Pages

Friday, December 18, 2009

yawning chasms of change

For weeks prior to leaving for my two-week US Christmas vacation, I was waxing poetic about snow, Starbucks coffee, and shopping malls. The months since my last visit were enough to wash away any cynicism I'd had about Midwestern American life. Plus, it's Christmas. It's home.

Since I got home, I've been in a bit of a fuzzy and emotion-less observation mode. After a whirlwind 24-hour DC visit and trunk shows at a fair trade shop in Cleveland, the snowy white fairy dust settled out.

I forgot that winter in Cleveland means this:
It gets sort of light outside, the sky stays gray and ominous and from 8 am to 6 pm it looks like it's 6 pm. Perpetually on the cusp of dusk.

And Christmas:
Even in a dying county facing brutal job loss, the Strongsville Mall is packed to the gills. In this little suburb of just over 40,000 people, the roads are brimming with cars and the all paths seem to point to the mall. Nothing seems to have changed.

Except, it seems, for me. Everything seems a bit shellacked. Even the Starbucks Grande Mocha that was my lifeblood for so long looks bigger and architecturally weird (was there ALWAYS that much whipped cream on my coffee??). Driving my mom's Matrix feels like a kid's toy after the rumble and roar of my diesel Pajero. Driving is too easy. The country of origin labels on every piece of clothing seem larger than life. In my first 24 hours back home, I managed to have a quick spree at Victoria's Secret (helloooo people - they figured out how to increase your bust by TWO cup sizes!) and GAP (a perennial addiction that's harder to break than Starbucks). But since then I've been a bit shell-shocked.

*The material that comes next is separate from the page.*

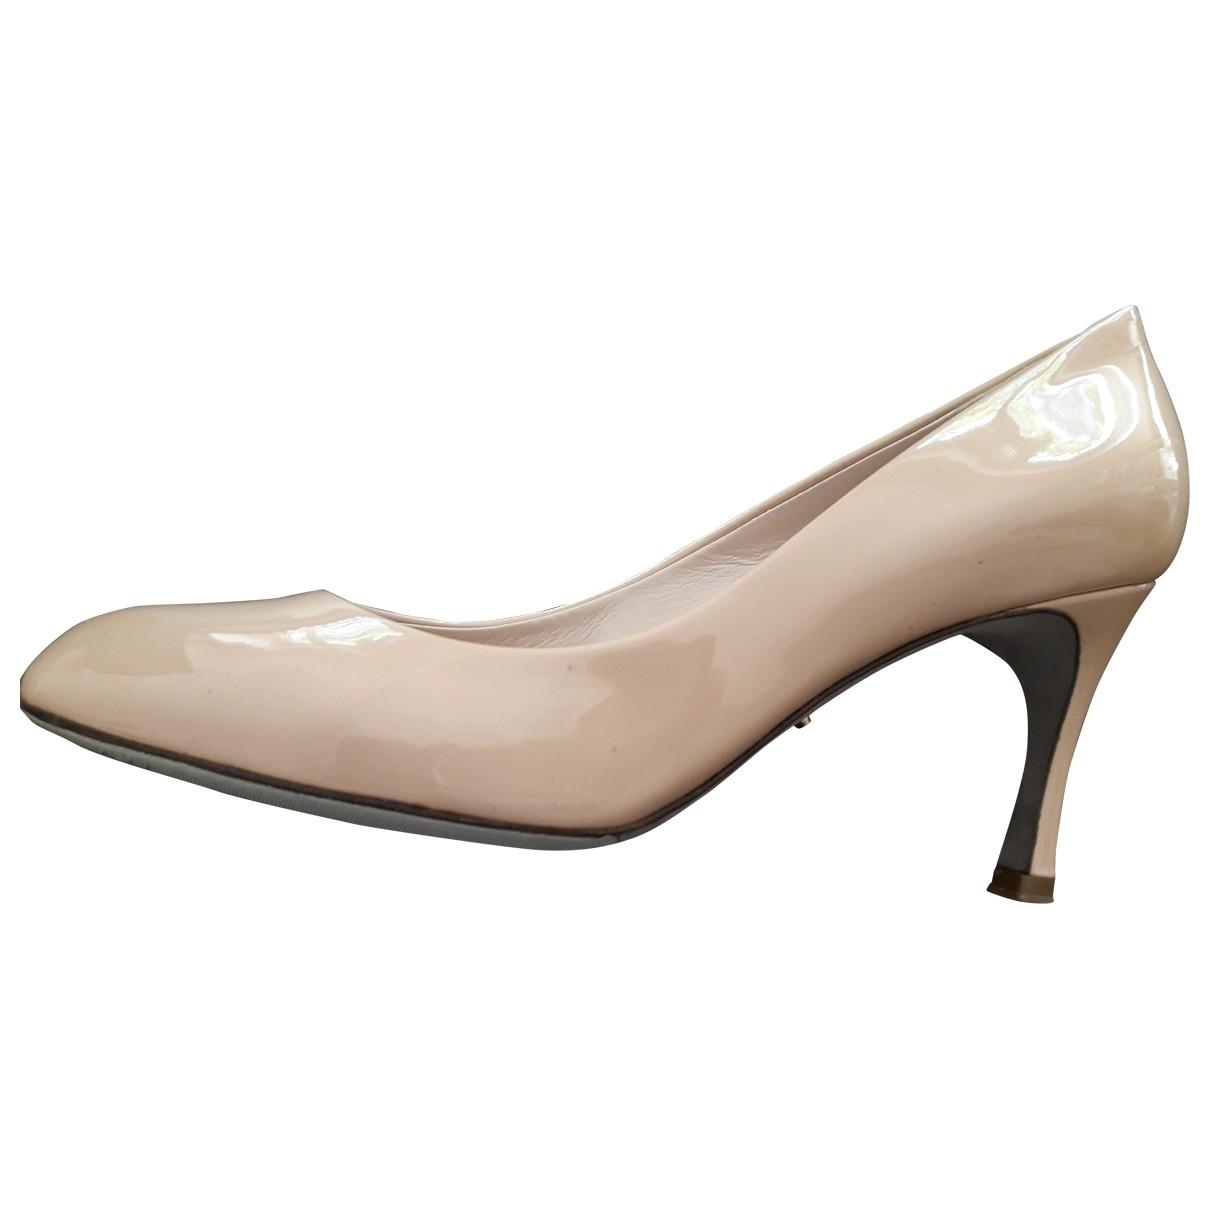 Sergio Rossi \N Beige Patent leather Heels for Women 36 EU

Much of this is superficial. I doubt I would have had the same reaction had I spent two weeks in DC. But the chasm between the life I live in Uganda, and the life I knew in Cleveland - the life I left more than ten years ago - is gaping. So I imagine it's a bit like visiting the Grand Canyon. Looking down and wondering at the majestic fissure - wondering how it got there. What it means.